##### Collected material #####

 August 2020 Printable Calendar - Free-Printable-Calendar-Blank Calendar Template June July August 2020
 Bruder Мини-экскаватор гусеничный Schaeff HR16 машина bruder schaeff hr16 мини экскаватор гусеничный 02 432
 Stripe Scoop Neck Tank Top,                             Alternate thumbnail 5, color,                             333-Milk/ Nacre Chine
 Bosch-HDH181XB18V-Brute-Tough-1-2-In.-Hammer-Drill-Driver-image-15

#####

To do: The complete listing, transcribed exactly, is the expected answer.

Answer below:
 August 2020 Printable Calendar - Free-Printable-Calendar-Blank Calendar Template June July August 2020
 Bruder Мини-экскаватор гусеничный Schaeff HR16 машина bruder schaeff hr16 мини экскаватор гусеничный 02 432
 Stripe Scoop Neck Tank Top,                             Alternate thumbnail 5, color,                             333-Milk/ Nacre Chine
 Bosch-HDH181XB18V-Brute-Tough-1-2-In.-Hammer-Drill-Driver-image-15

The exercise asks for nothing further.